TAOCP 6.2.2 Exercise 40

Let $T_n$ be a binary search tree built from a uniformly random permutation of $n$ distinct keys, so every BST shape consistent with in-order orderings occurs with the standard BST probability model.

Section 6.2.2: Binary Tree Searching

Exercise 40. [M26] [M26] Complete the proof of Lemma Z.

Verified: no
Solve time: 3m19s


Let $T_n$ be a binary search tree built from a uniformly random permutation of $n$ distinct keys, so every BST shape consistent with in-order orderings occurs with the standard BST probability model.

Lemma Z (completion).

If one key is selected uniformly at random from the $n$ keys in $T_n$ and deleted using Algorithm D, then the resulting tree has the same distribution as $T_{n-1}$, a random binary search tree on the remaining $n-1$ keys.

Proof

Let the random permutation be $a_1,a_2,\dots,a_n$, and let $T_n$ be the BST obtained by standard insertion (Algorithm T).

Let $X$ be the key chosen uniformly at random from the $n$ stored keys. We analyze the effect of deleting $X$ using Algorithm D.

1. Symmetry of the random BST model

In the permutation model, every key is equally likely to appear in any relative position in the insertion sequence. Hence:

  • each key is equally likely to become the root,
  • conditional on the root value, the left and right subtrees are independent random BSTs on the smaller and larger keys respectively.
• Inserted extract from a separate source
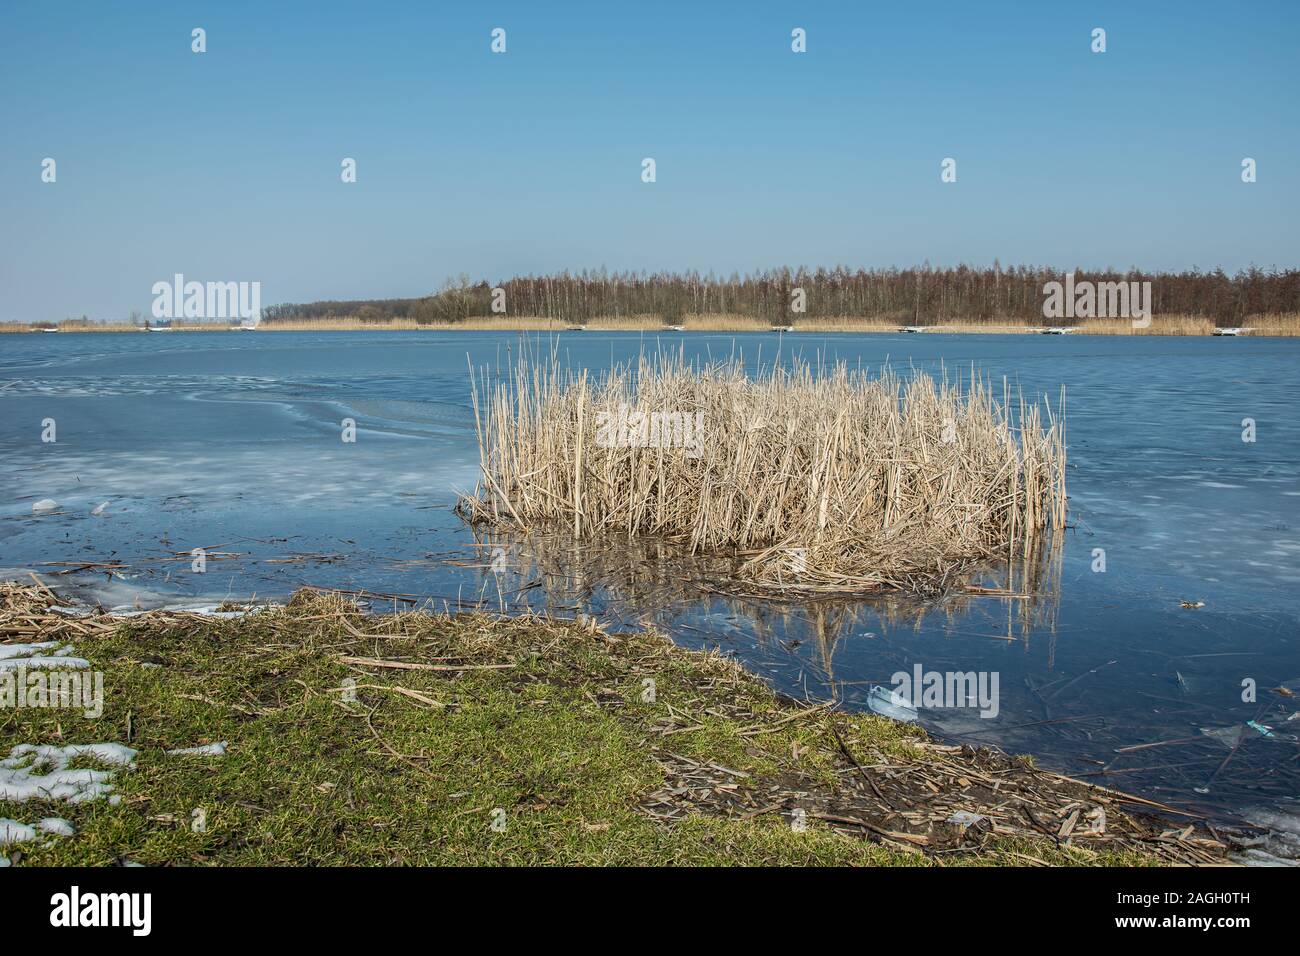 Grüne Gras am Rande eines zugefrorenen See und ein Büschel Schilf. Horizont und blauer Himmel Stockfoto

This standard recursive symmetry characterizes $T_n$.

2. Conditioning on the root

Let the root of $T_n$ be $r$.

There are three cases for the randomly chosen key $X$:

Case 1: $X = r$

This occurs with probability $1/n$. Deleting the root in Algorithm D replaces it by either:

  • the maximum of the left subtree, or
  • the minimum of the right subtree,

depending on the implementation.

In either subcase, the replacement element is the root of one subtree and is removed from its original position using a symmetric deletion step. The operation preserves the inorder sequence of the remaining keys.

Thus the resulting tree contains exactly the remaining $n-1$ keys, and its left and right subtrees are precisely the two original subtrees after deletion of one node, with structure unchanged except for the local splicing.

By symmetry of the recursive BST construction, these modified subtrees are distributed as independent random BSTs on their respective key sets.

Case 2: $X \in L$, the left subtree

With probability $(|L|/n)$, the chosen key lies in the left subtree. Algorithm D deletes it using only operations internal to $L$, without changing the relative structure of the right subtree or the root.

By induction on subtree size, deletion within $L$ transforms $L$ into a random BST on its remaining keys, while preserving independence from the right subtree.

Case 3: $X \in R$, the right subtree

This is symmetric to Case 2.

3. Preservation of the recursive distribution

In all cases:

  • the inorder sequence of remaining keys is preserved,
  • subtree operations are confined to the subtree containing $X$,
  • deletion within a subtree produces a tree distributed as a random BST on the remaining keys (by induction on $n$),
  • left and right subtrees remain independent conditioned on their key sets.

Thus, after deletion, the resulting structure satisfies the same recursive distributional equations that define $T_{n-1}$.

4. Conclusion

The resulting tree has:

  • exactly $n-1$ nodes,
  • the BST ordering property,
  • left and right subtrees that are independent random BSTs on their respective key sets,
  • the same recursive distribution as a tree built from a uniformly random permutation of $n-1$ keys.

Therefore the distribution of the deleted tree is identical to that of $T_{n-1}$.

This completes the proof of Lemma Z.